= Raymond Pilet d'Alès =

Occitan lord of Alés and knight during the First Crusade

Raymond Pilet (Raymond de Narbonnne-Pelet) (c. 1075 – 1120) was the only child of Bernard I Pilet of Narbonne and his wife, whose name is unknown. Seigneur of Alès. Bernard was the son of Raymond II, Viscount of Narbone from 1066 to 1067. The name “pilet” refers to a fur that the nobility wore over their cuirass and coats-of-arms. Raymond distinguished himself as a combatant during the First Crusade.

== Joining the First Crusade ==

Many of the chroniclers of the Crusades, including William of Tyre, have praised the valor and piety of Raymond. Guibert of Nogent’s Dei Gesta per Francos goes so far as to describe him as a mythological hero. Raymond’s exploits in the crusade are recorded in Historia Francorum qui ceperunt Iherusalem, the chronicle of Raymond of Aguilers. Raymond was first under the command of Hugh the Great, Count of Vermandois, as part of his army and was present at the siege of Nicaea in 1097.

At the first siege of Antioch, from 21 October 1097 to 2 June 1098, Raymond was in the army of Raymond IV of Toulouse. During the second siege, he commanded the 11th Corps of the Christian army, with Isoard I, Count of Die (Diois), Gérard de Roussillon, William V of Montpellier and Guillaume-Amanieu d'Albert.

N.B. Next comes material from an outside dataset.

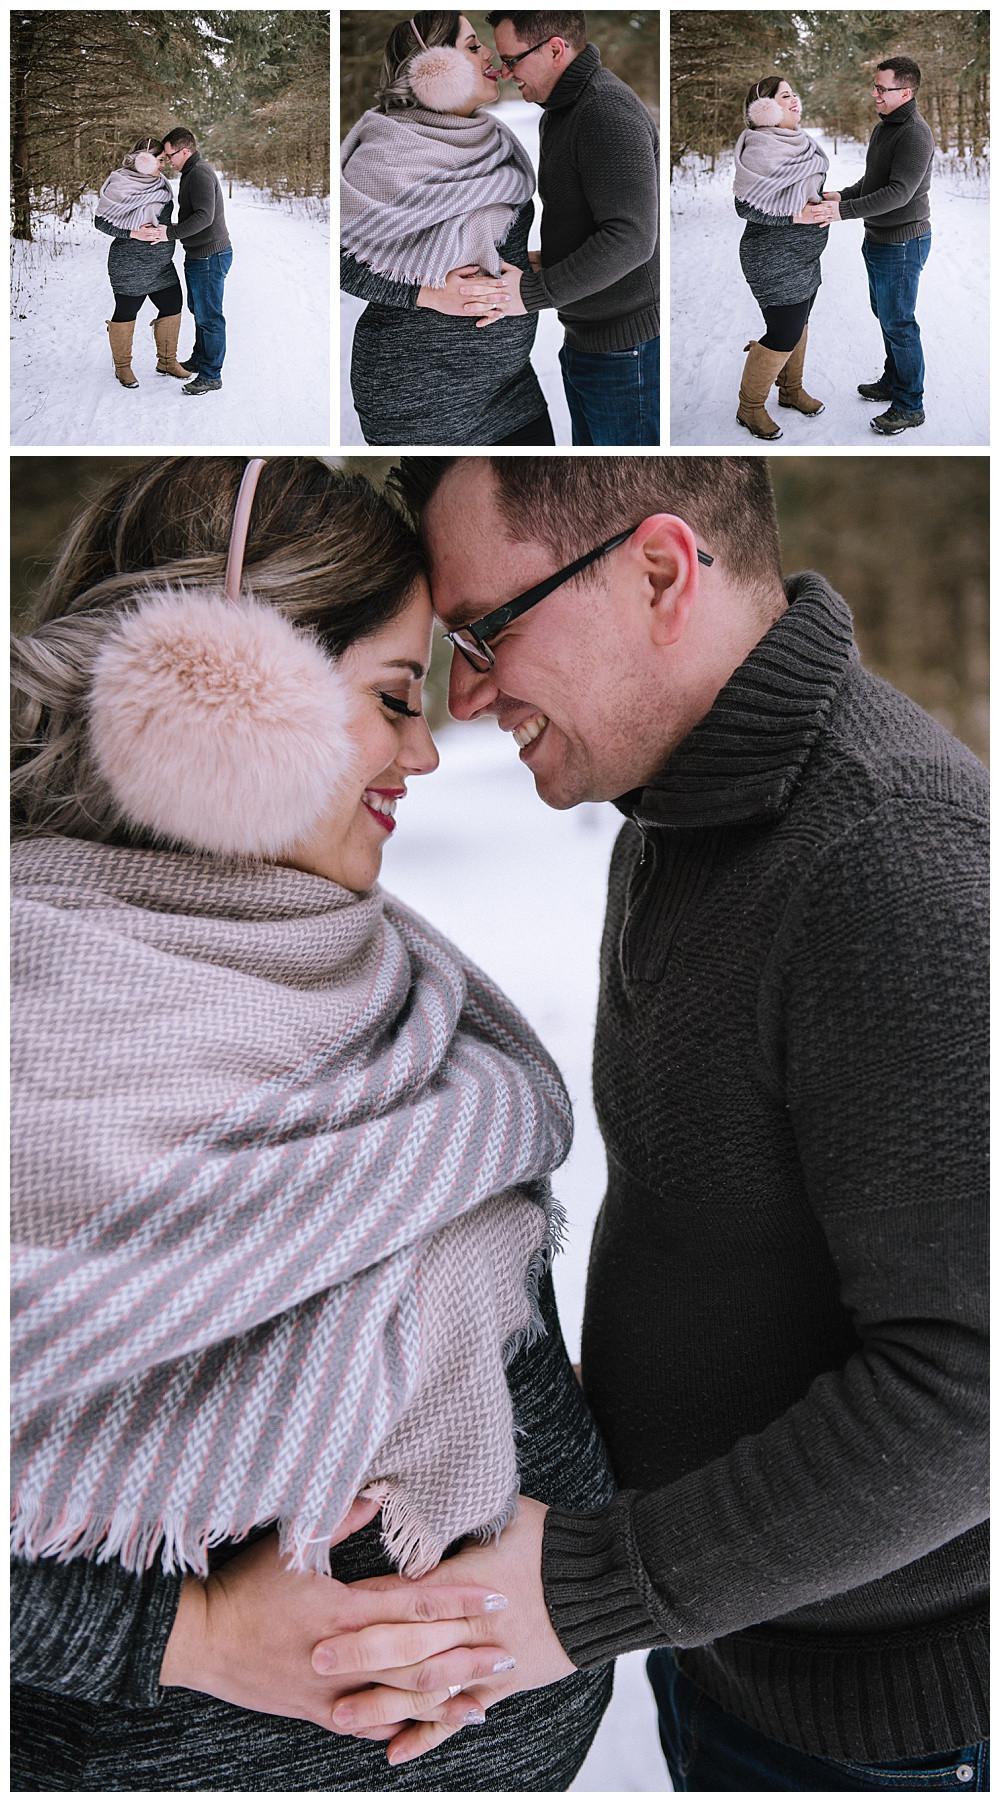 Ottawa Photographer, Ottawa Maternity Session, Ottawa Boudoir Photographer, Ottawa Wedding Photographer

Raymond also played a role in the saga of the Holy Lance. After the discovery of the lance and questions about its authenticity, Peter Bartholomew went through an ordeal of fire to verify it as a holy relic. Raymond pulled Peter from the fire, saving his life temporarily (he died of his wounds twelve days later), and the lance was discredited.

==Talamania and the Massacre at Ma’arra==
Raymond constituted a small army of cavalry and infantry, and advance two days' march from Antioch, where they captured the castle of Talamania (Note: Talamania, possibly Al-Bara or Tell Mannas.) from the Syrians. He then implemented an ambitious raid on Ma'arrat al-Nu'man (Maarat), infamously known as the siege of Ma'arra, where he encountered a Muslim army under the command of Ridwan of Allepo, against whom he first prevailed despite the inequality of numbers of troops. But his adversaries returned at full strength, forcing him to retreat and defend himself until the evening of 27 July 1098. His army, overwhelmed by adversaries, loss of troops, thirst and weariness, decided to abandon the fight and regroup in the castle. Raymond and Peter I of Narbonne, Bishop of Albara, eventually abandoned their positions to travel with Raymond IV.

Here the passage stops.